Рыцарское общество, которое изображал великий реалист Вольфрам фон
Эшенбах, по-видимому, совсем не тяготилось какими-либо путами
нравственности. Достаточно прочесть хотя бы то место, в котором
описывается посещение Гаваной замка короля Вергуласта. Гаван застает в
замке сестру короля, девственную королеву Антиконию. Он просит ее
разрешения поцеловать и сразу же отваживается на самую смелую и грубую
ласку. Это весьма характерно. Рыцарь по отношению к королеве ведет
себя так, как в настоящее время какой-нибудь грубый, неотесанный
конюх, единственным аргументом которого может служить возбужденное
состояние. Но очевидно, что рыцарь Гаван применил верный способ, так
как девственная королева находит его аргументацию в достаточной море
убедительной: через мгновение она уже готова позволить сластолюбивому
рыцарю то, чего он от нее добивается. То, что до этого дело не дошло,
объясняется исключительно приходом непрошеного свидетеля. Необходимо
принять во внимание, что с первой же минуты переходящий от слов к делу
Гаван является в поэме Эшенбаха образцом рыцаря. А посему не будем и
мы впредь обольщаться высокой моралью тогдашнего рыцарства. Важно тут
то, что вышеописанная сцена не представляет собой, по-видимому, ничего
исключительного, а служит, наоборот, обычнейшей формой галантности.
Придворная поэзия содержит множество доказательств этого: точно такие
же сцены описываются и другими авторами. Жена горожанина редко
обижается на своего пламенного гостя за такие конкретные проявления
его любви. Если же рыцарь находится в дороге, то он положительно
считает своим долгом оказать такую честь даме, которую охраняет. В
одной поэме описывается, как королева Гиньевра села отдохнуть под
липой со своим рыцарем. Последний чрезвычайно благовоспитан и просит у
нее разрешения на такого рода ласки. Сначала она отказывает ему, но
потом тотчас же дает разрешение. Само собой разумеется, что такого
рода галантные ласки служат большею частью лишь введением к столь же
грубому продолжению и что без такого продолжения дело обходилось в
самых редких случаях. Когда Ланселот убивает Иверета, он увозит его
дочь Иблис. Едва они отъехали с милю, как уже располагаются на "отдых"
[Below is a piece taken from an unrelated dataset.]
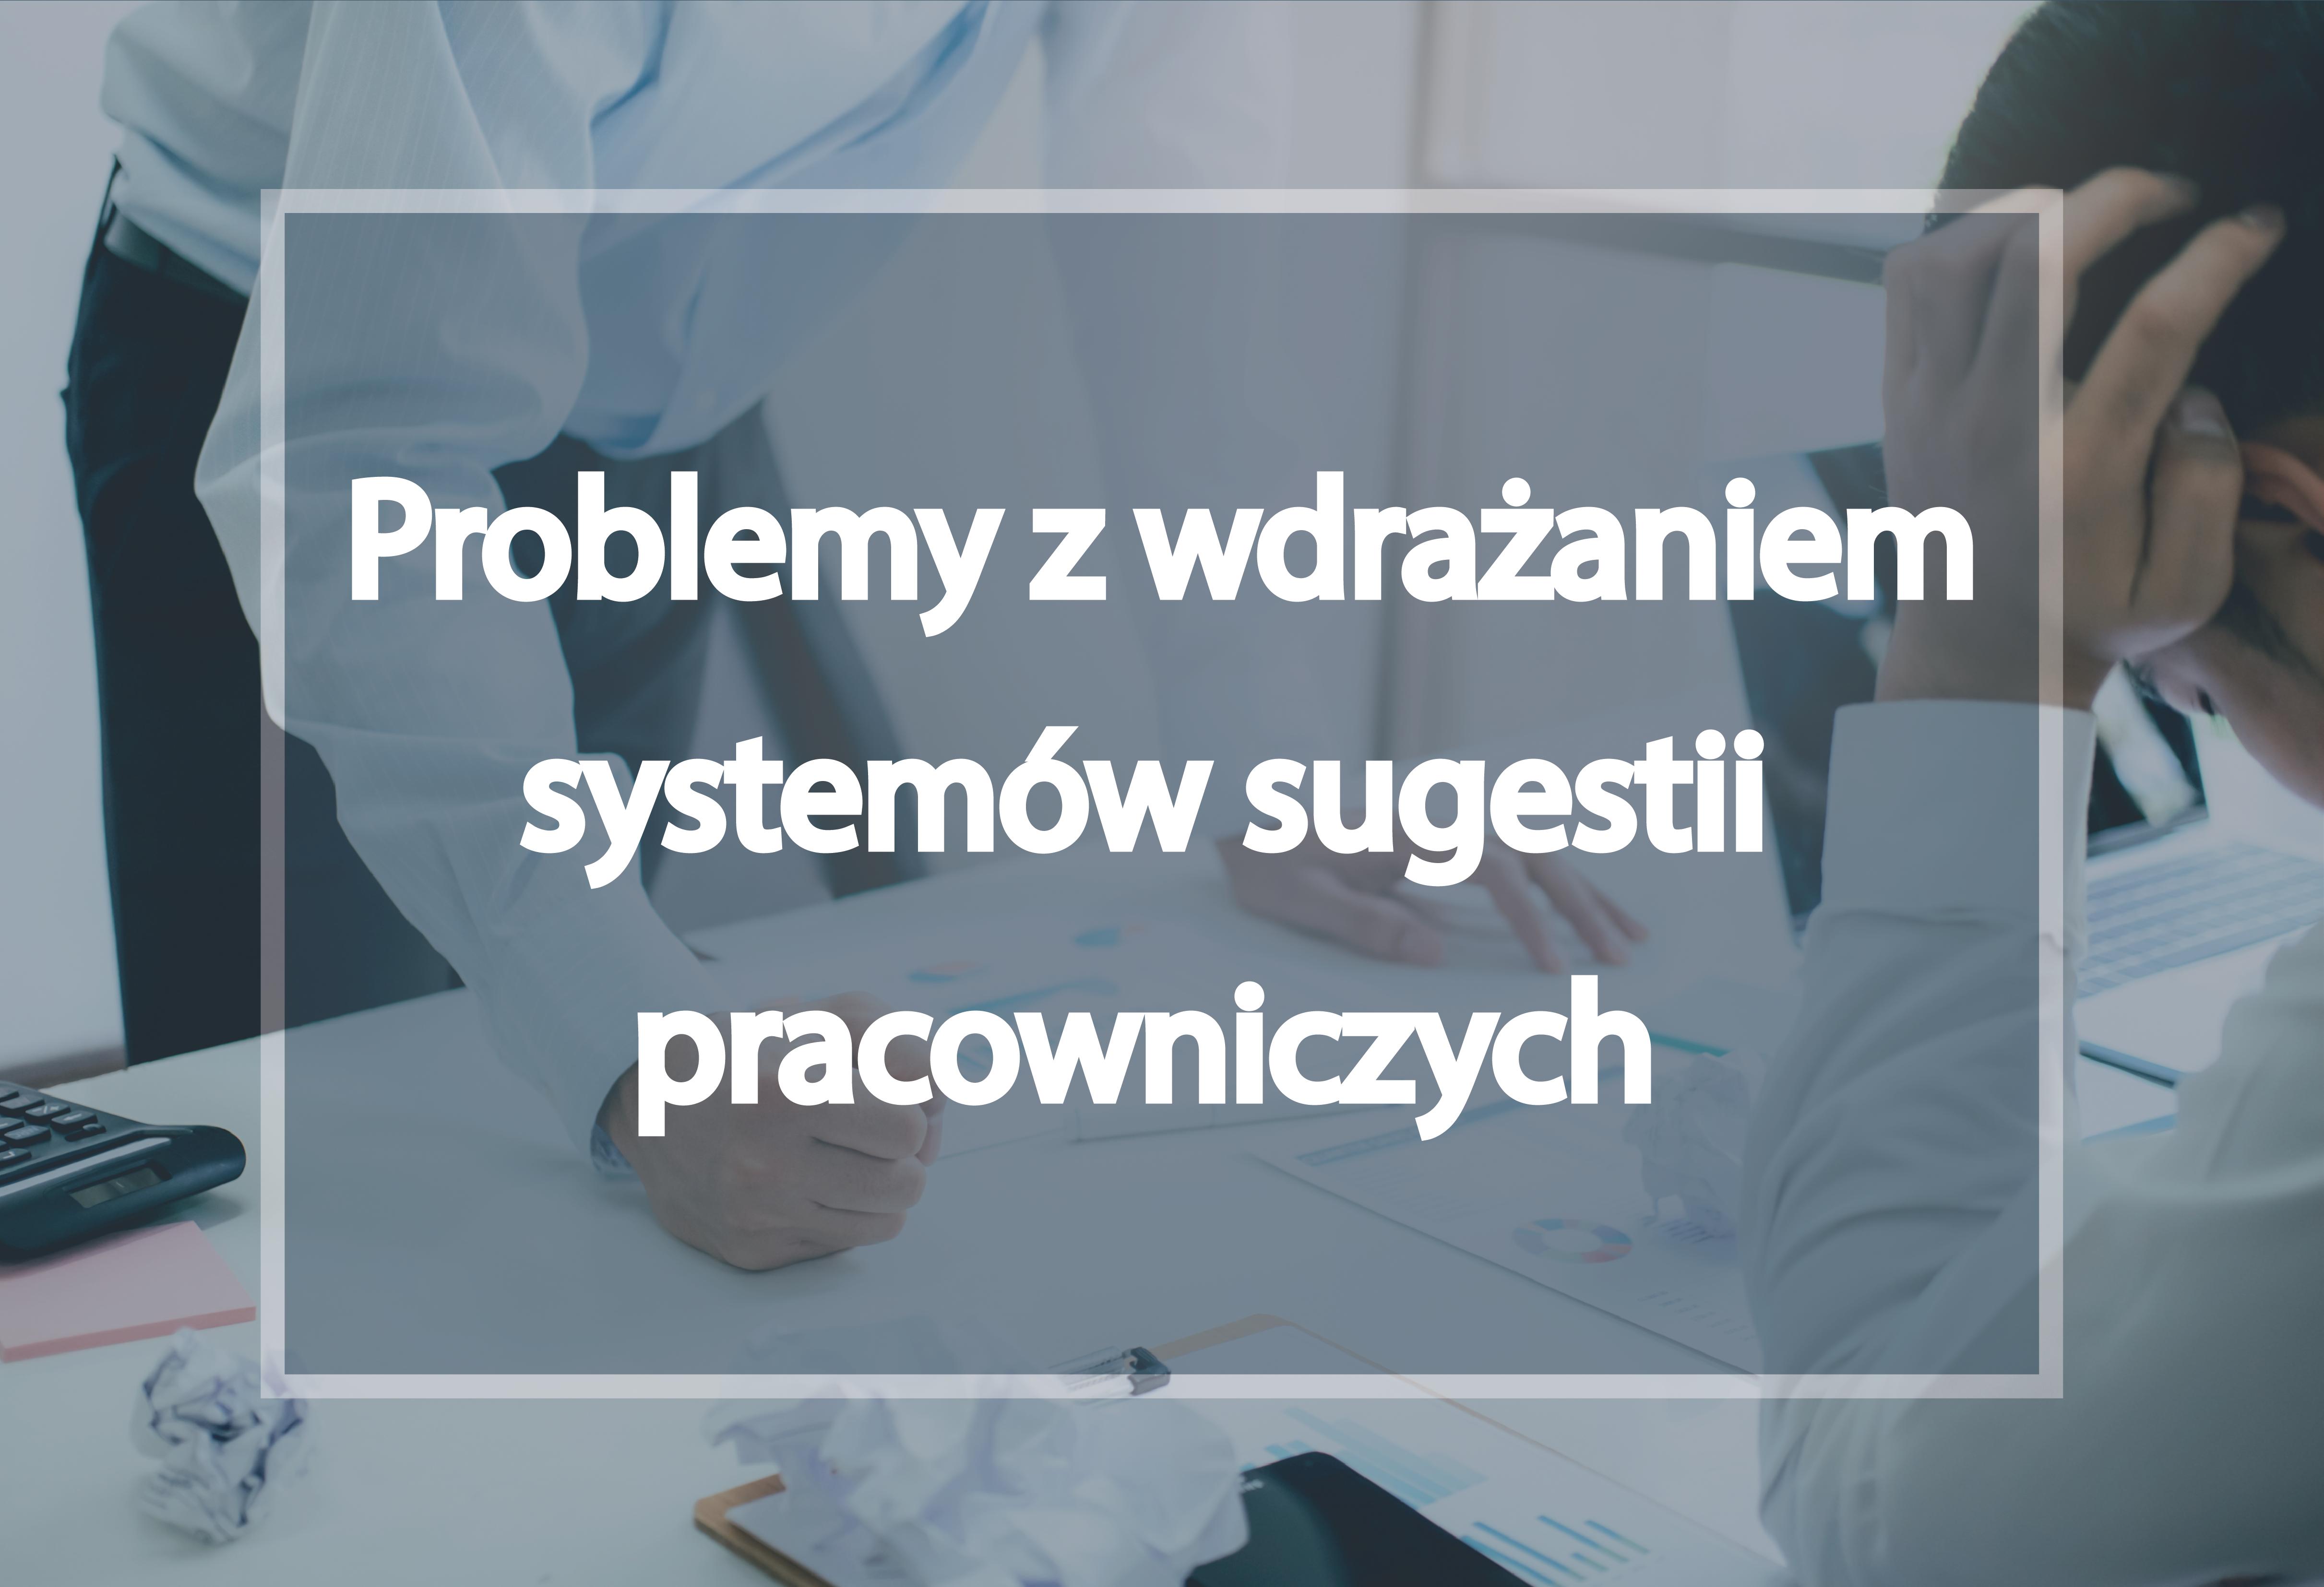 Problemy z wdrażaniem systemów sugestii pracowniczych

под липой. Многие плененные рыцари были обязаны своим освобождением из
плена тем радостям, которые доставили женам взявших их в этот плен. По
описаниям поэтов и хроников, настойчивость женщины иногда даже больше,
чем мужчины. Владетельница замка охотно сменяет ложе подле мужа на
ложе подле гостя-рыцаря; оказаться при этом негалантным кавалером для
него почти всегда гораздо опаснее, чем проявить всю свою рыцарскую
доблесть. Можно было бы привести бесконечное множество примеров, так
как история культа любви ("Minnedienst") представляет собою сплошную
цепь таких приключений, сплошной и обширнейший комментарий самой
грубой эротики. Такая половая мораль коренилась в экономических
условиях тогдашней придворно-аристократической культуры и в
неприкрытой еще никаким флером основе брака, который у господствующих
классов был только простой условностью. Если поэтому мы должны внести
какие-либо поправки в традиционные описания этой эпохи, то прежде
всего относительно мнимого целомудрия женщин. Нас убеждает в этом
всякое мало-мальски серьезное изучение эпохи. Вспомним хотя бы
изобретение этого века, пояс целомудрия, или Венеры, и те логические
следствия, которые сами собой явствуют из его широкого
распространения.
Решающим для моральной оценки этого изобретения является вопрос:
при каких условиях половая неприкосновенность женщины могла быть
обеспечена? Ответ не представляет никаких трудностей, так как он
чрезвычайно прост и очевиден. Тем не менее ответ этот в той форме, как
его давала до сих пор традиция, несомненно ошибочен. Традиционное
мнение полагает, что рыцарство прибегало к помощи этих железных или
серебряных поясов затем, чтобы охранить женщин от грубого насилия в те
периоды, когда муж на долгое время отлучался из дому, отправлялся в
крестовый поход или же когда женщина отправлялась куда-нибудь в
дальний путь. Если бы это мнение было правильно, то даже с точки
зрения нашей современной половой морали было бы очень трудно возражать
против такого пользования поясами целомудрия. Но мнение это,
несомненно, ошибочно, ибо для того, чтобы предохранить женщину от
изнасилования, этого пояса было конечно, недостаточно. Разбойничьим
рыцарям, нападавшим на проезжавших женщин, или врагам, которые,
ворвавшись в замок, насиловали женщин, такой пояс служил самым
ничтожным препятствием. В сильных руках рыцаря, который в тяжелом
панцире справлялся с турнирным копьем, серебряный замок такого пояса
был шелковой ниткой, которую он шутя мог порвать. И насчет этого
рыцарское общество едва ли сомневалось и само, так как, чтобы понять
это, достаточно простой сообразительности. Если же тем не менее рыцари
заставляли своих жен надевать пояс целомудрия, то цель у них была
совершенно другая. Пояс должен был служить помехой случайному,
возможному на каждом шагу совращению его жены. Рыцарь знал себя и себе
подобных, знал, что перед ними не устоять никакому целомудрию женщины.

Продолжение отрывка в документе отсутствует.